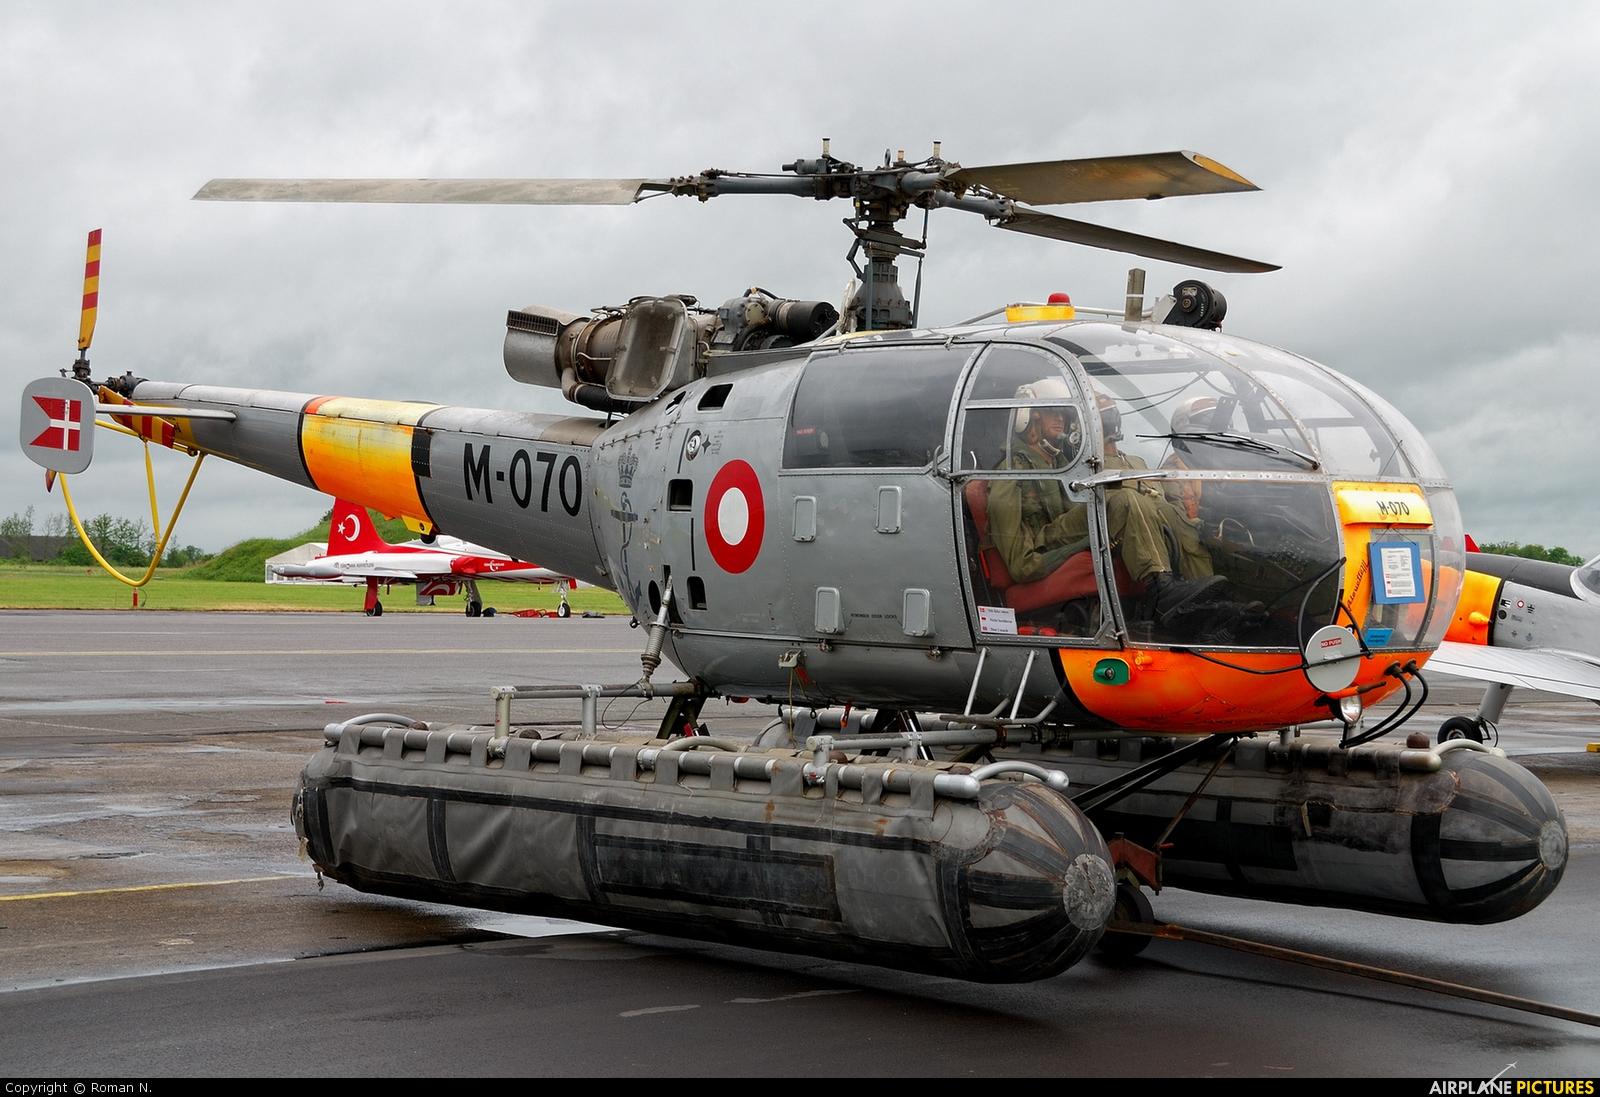 Denmark - Navy M-070 aircraft at Aalborg
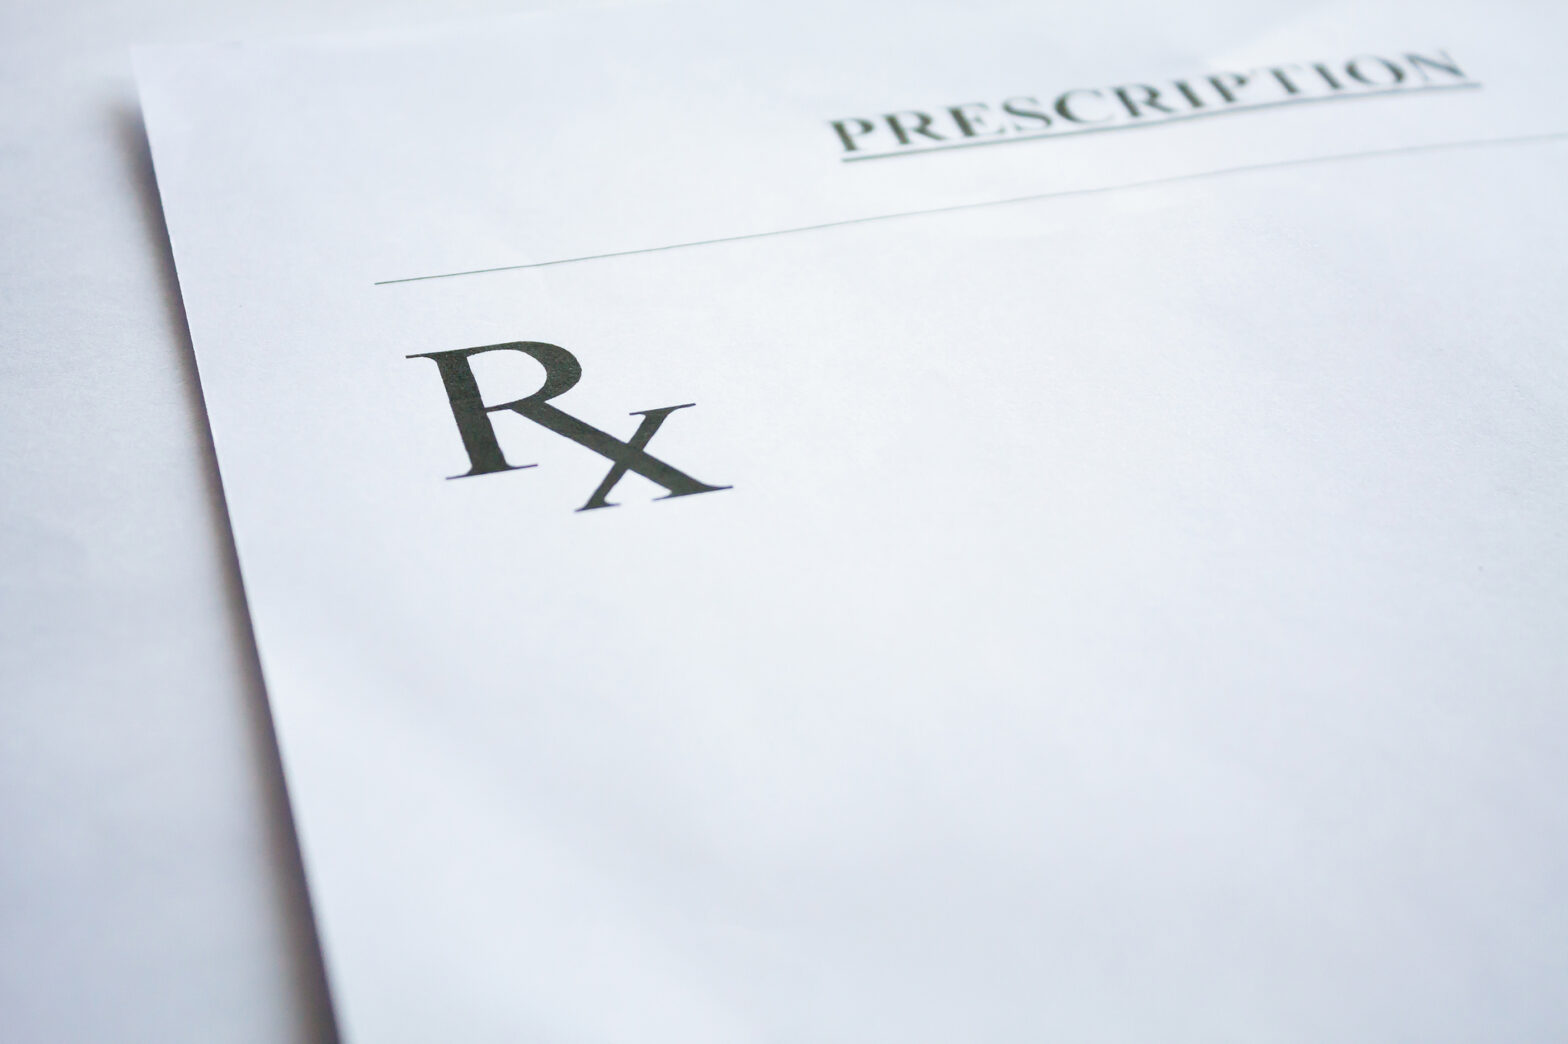 rx_prescription_pad_image
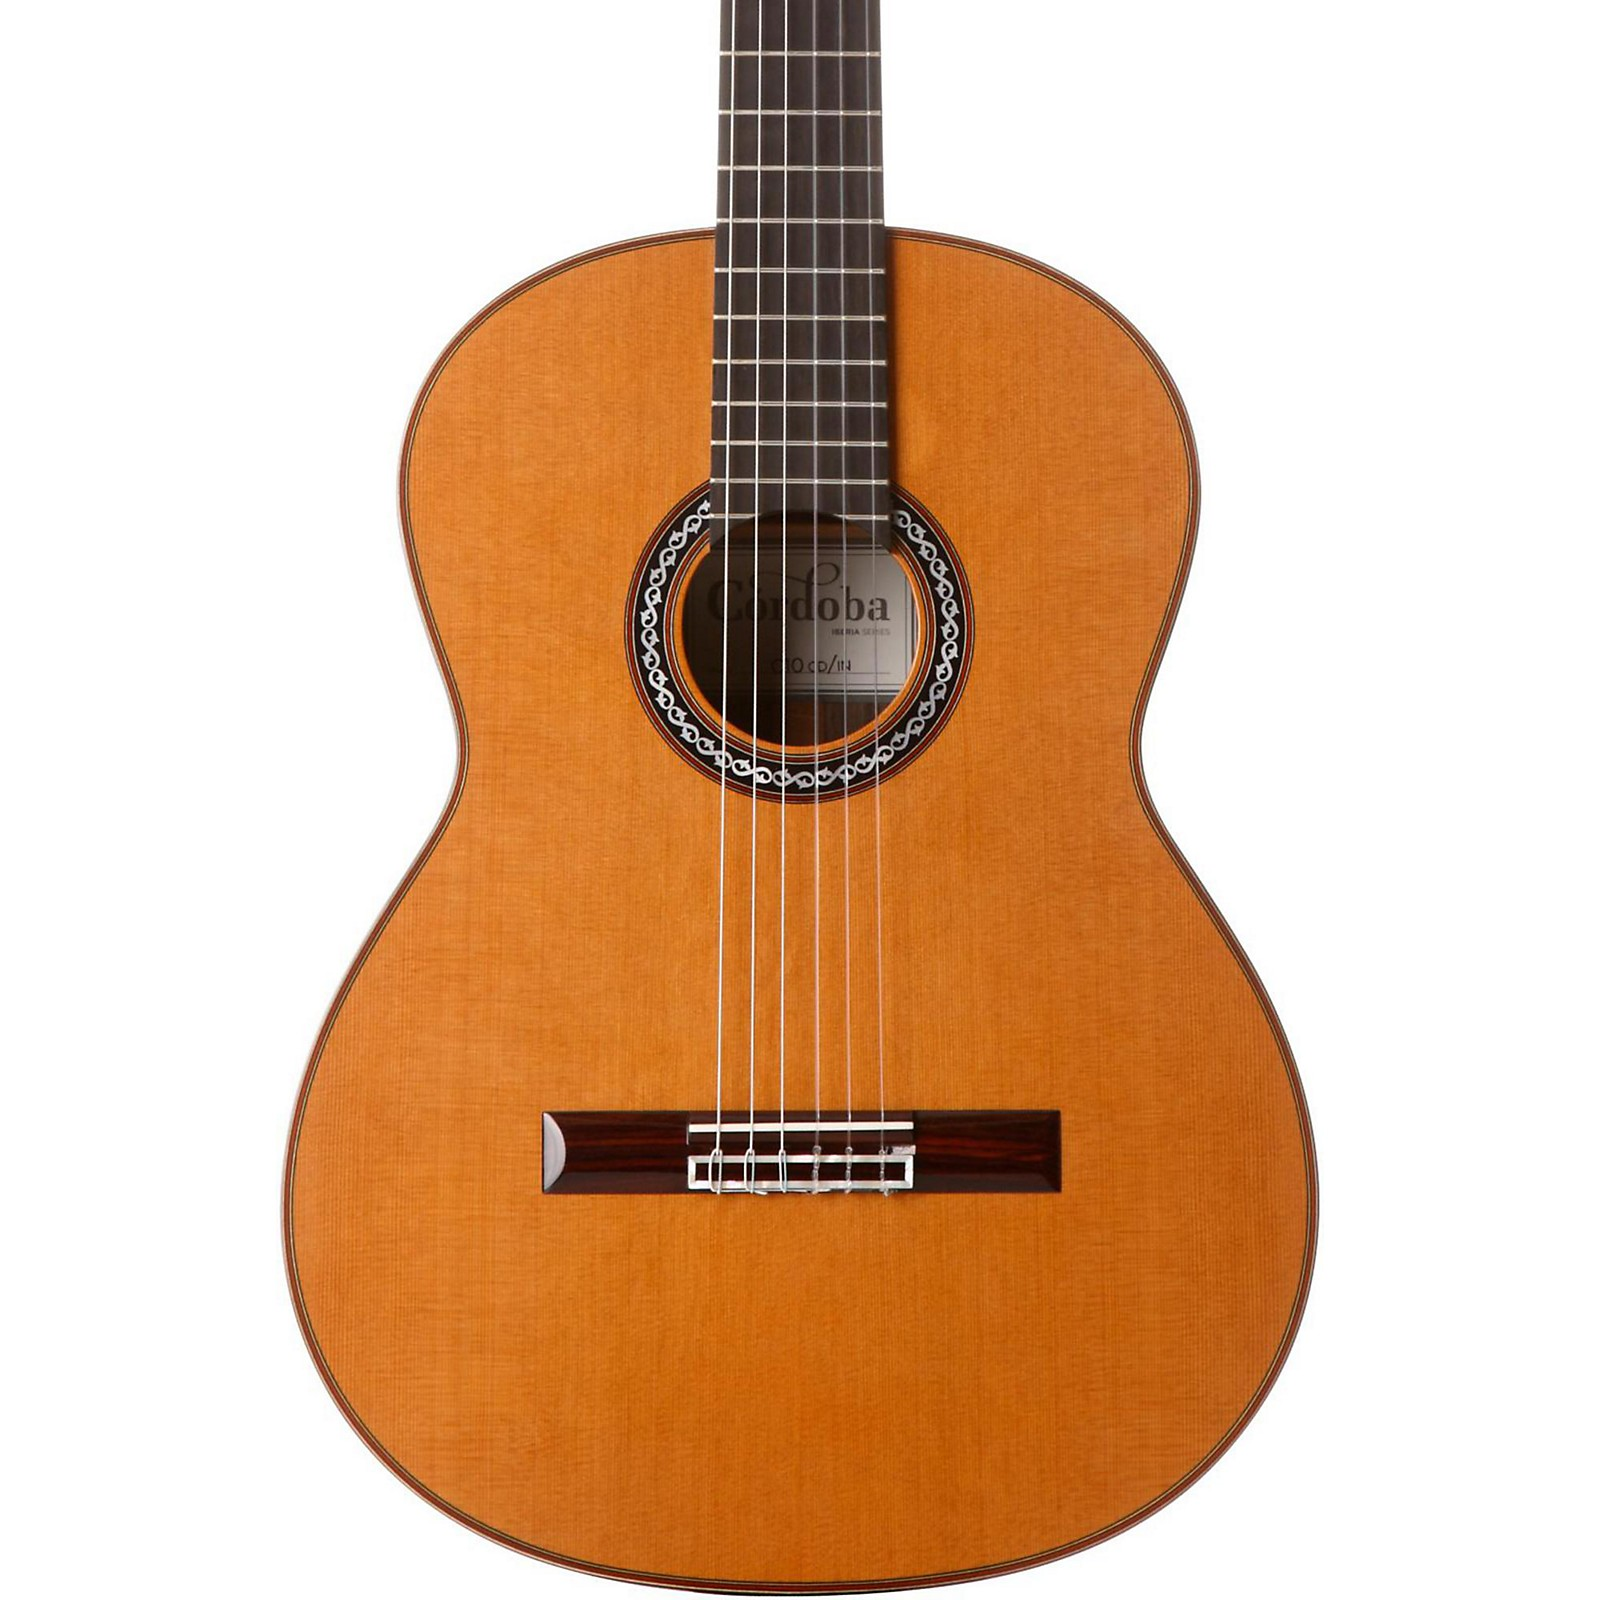 Cordoba C9 CD/MH Acoustic Nylon String Classical Guitar
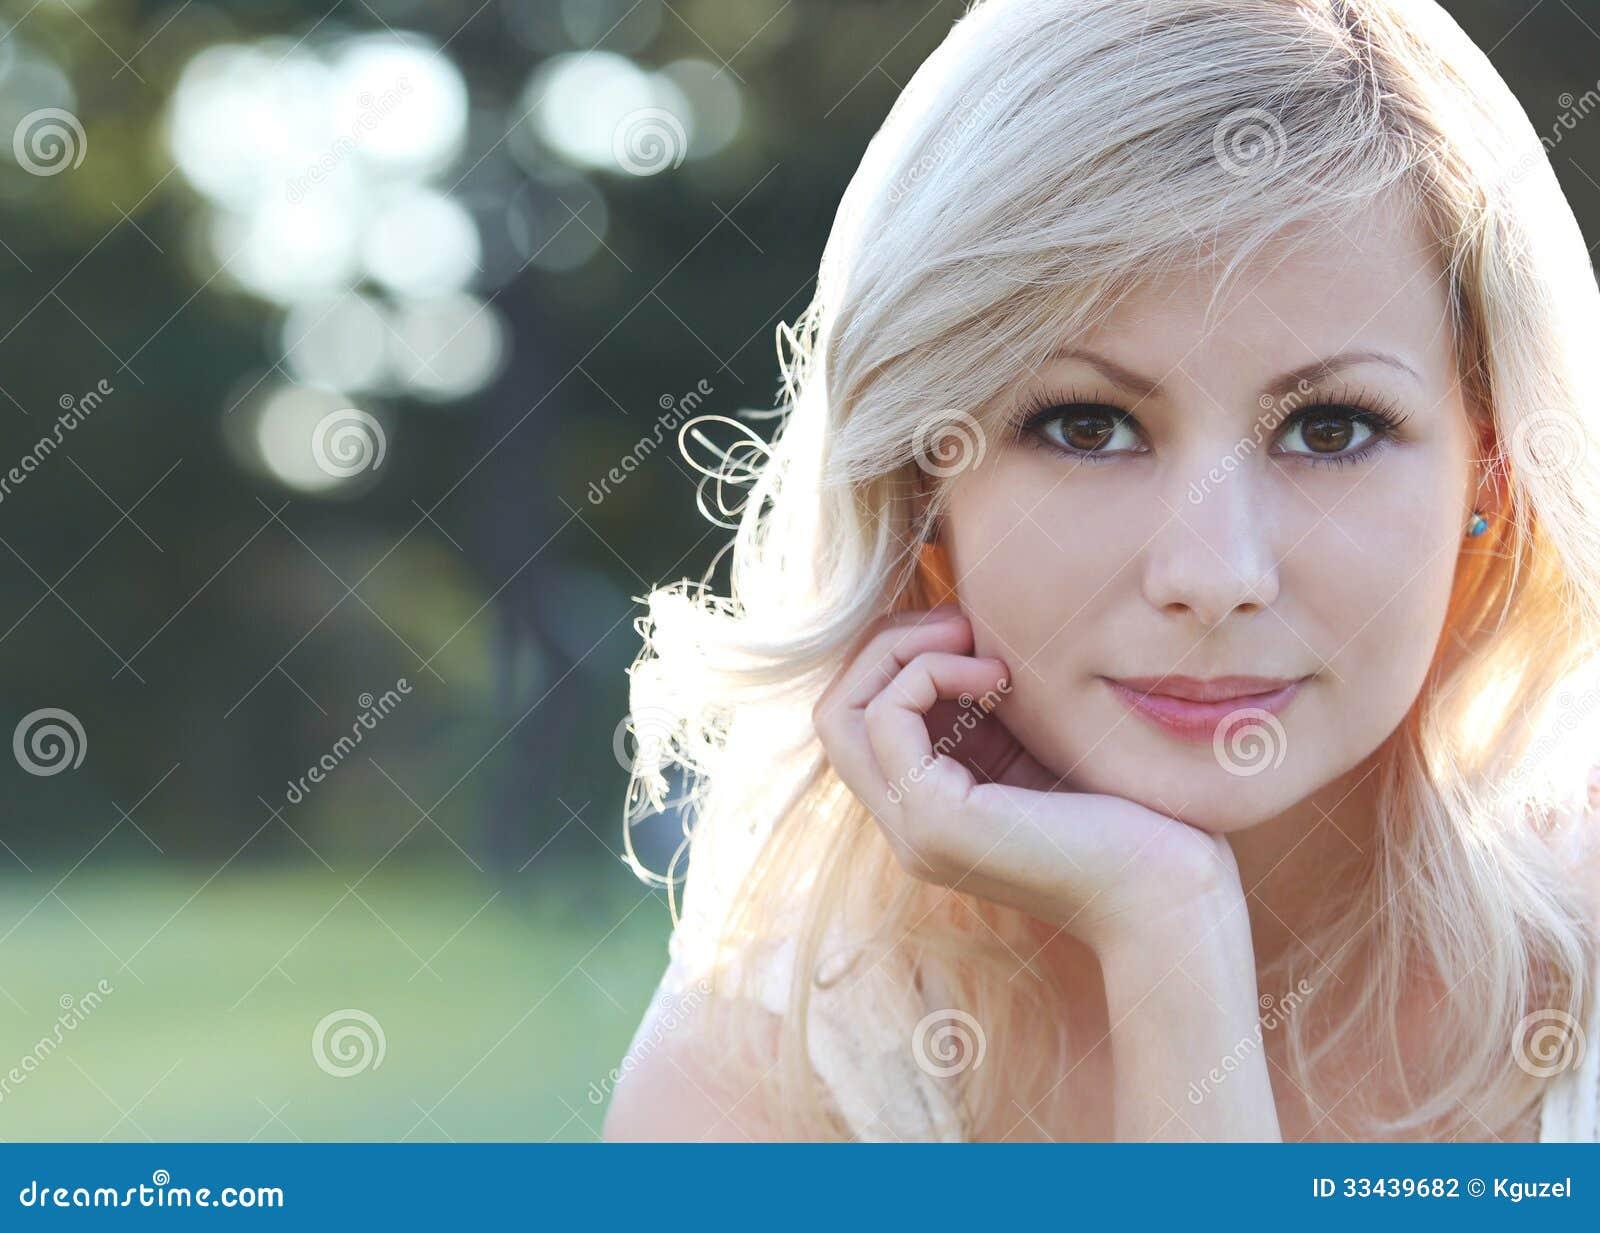 Smiling blonde girl. Portrait of happy beautiful young woman, outdoors. Bokeh

********

What is needed is an exact copy of all the data, with no images in it.

 Denmark - Navy M-070 aircraft at Aalborg
 rx_prescription_pad_image
 Cordoba C9 CD/MH Acoustic Nylon String Classical Guitar
 Smiling blonde girl. Portrait of happy beautiful young woman, outdoors. Bokeh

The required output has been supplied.